Non è forse che per iniziare ad affrontare di petto il tema dell’Europa politica dovremmo guardare a est? Alle proteste studentesche in Serbia, alle piazze in Georgia, alle storie potenti come quella di Maria Zaitseva, simbolo delle proteste in Bielorussia contro Lukashenko, morta il giorno dopo aver compiuto 24 anni combattendo in Ucraina come volontaria nel battaglione della Legione Internazionale.

Tante questioni restano aperte. 

Scegliamo intanto di fare un salto in Ucraina assieme al giornalista Ivan Grozny che ci offre tanti frame, immagini, a partire da quanto ha potuto vedere nei suoi tre anni di viaggi. 

https://www.instagram.com/groznyivan/#

https://www.facebook.com/ivangroznycompasso

Tanti aspetti di ieri, oggi e domani dell’Ucraina ci aprono più domande che risposte. Osservare direttamente, essere attenti e curiosi a quel che accade in maniera libera, forse è così che nel tempo della non linearità, come afferma la fisica quantistica, possiamo affrontare il nostro presente. 

Note

La chiacchierata che abbiamo fatto con Ivan Grozny è stata ampia.
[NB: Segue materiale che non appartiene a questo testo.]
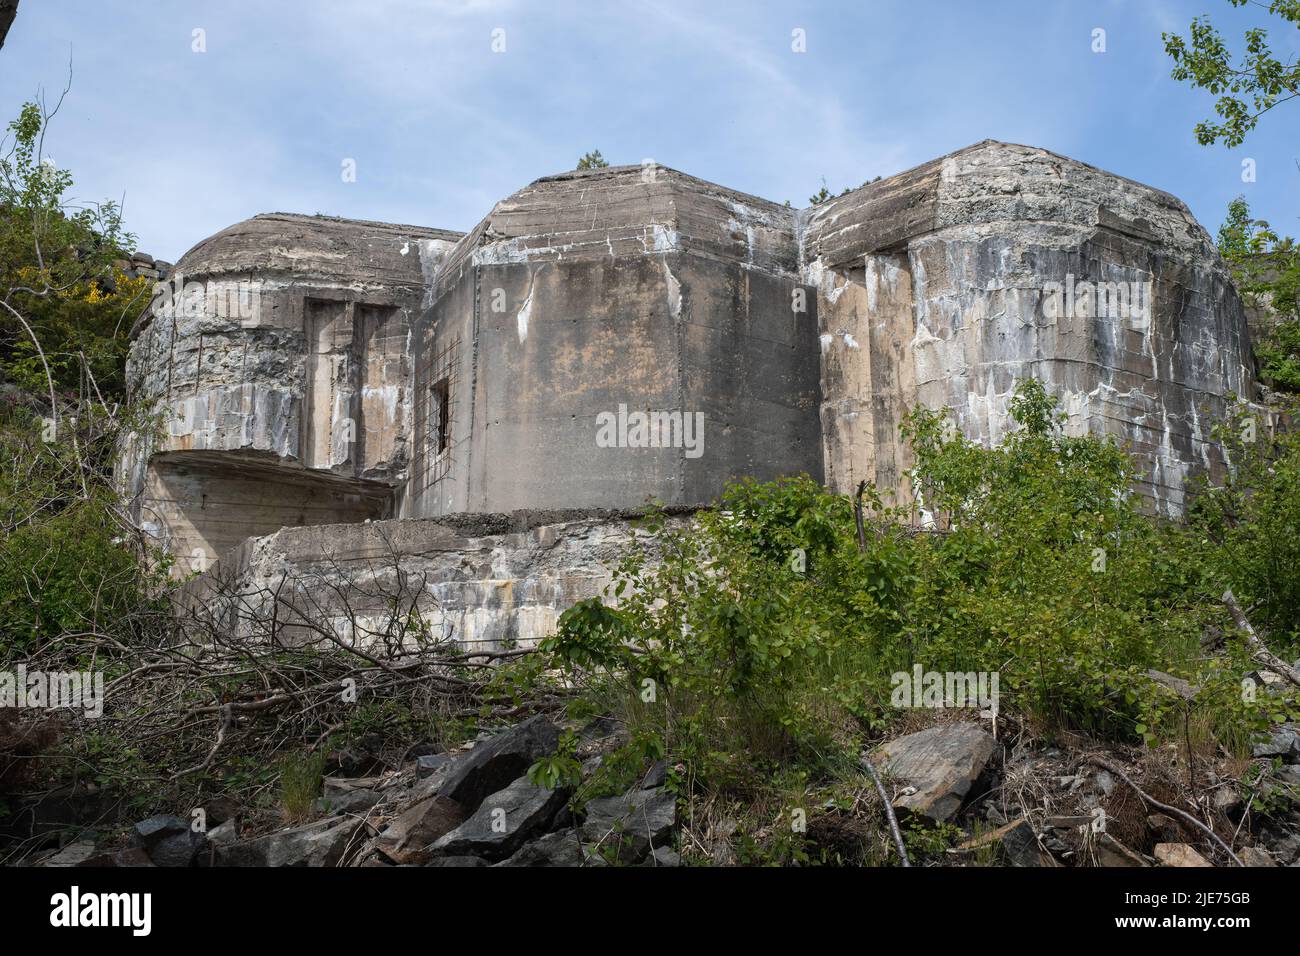 Arendal, Norway - May 28, 2022: Sandvikodden fort was built by the German occupation forces in 1941. The purpose was to secure the entrance to Arendal Stock Photo

Per proporvela l’abbiamo organizzata in due parti.

PRIMA PARTE: Inizio – Oggi – Putin? No grazie – Europa vista dall’Est – Occupazione – Villaggi – Personaggi: la sindaca – Personaggi: Olga – Le mine – Personaggi: le sminatrici – Personaggi: il capo militare georgiano

SECONDA PARTE: Solidarietà interna – Religione – Personaggi: il cappellano – Discussioni ed influencer – Dopo Zelensky: intanto vivere, poi ricostruire – La guerra non ha regole – Dentro il paese – Odessa. 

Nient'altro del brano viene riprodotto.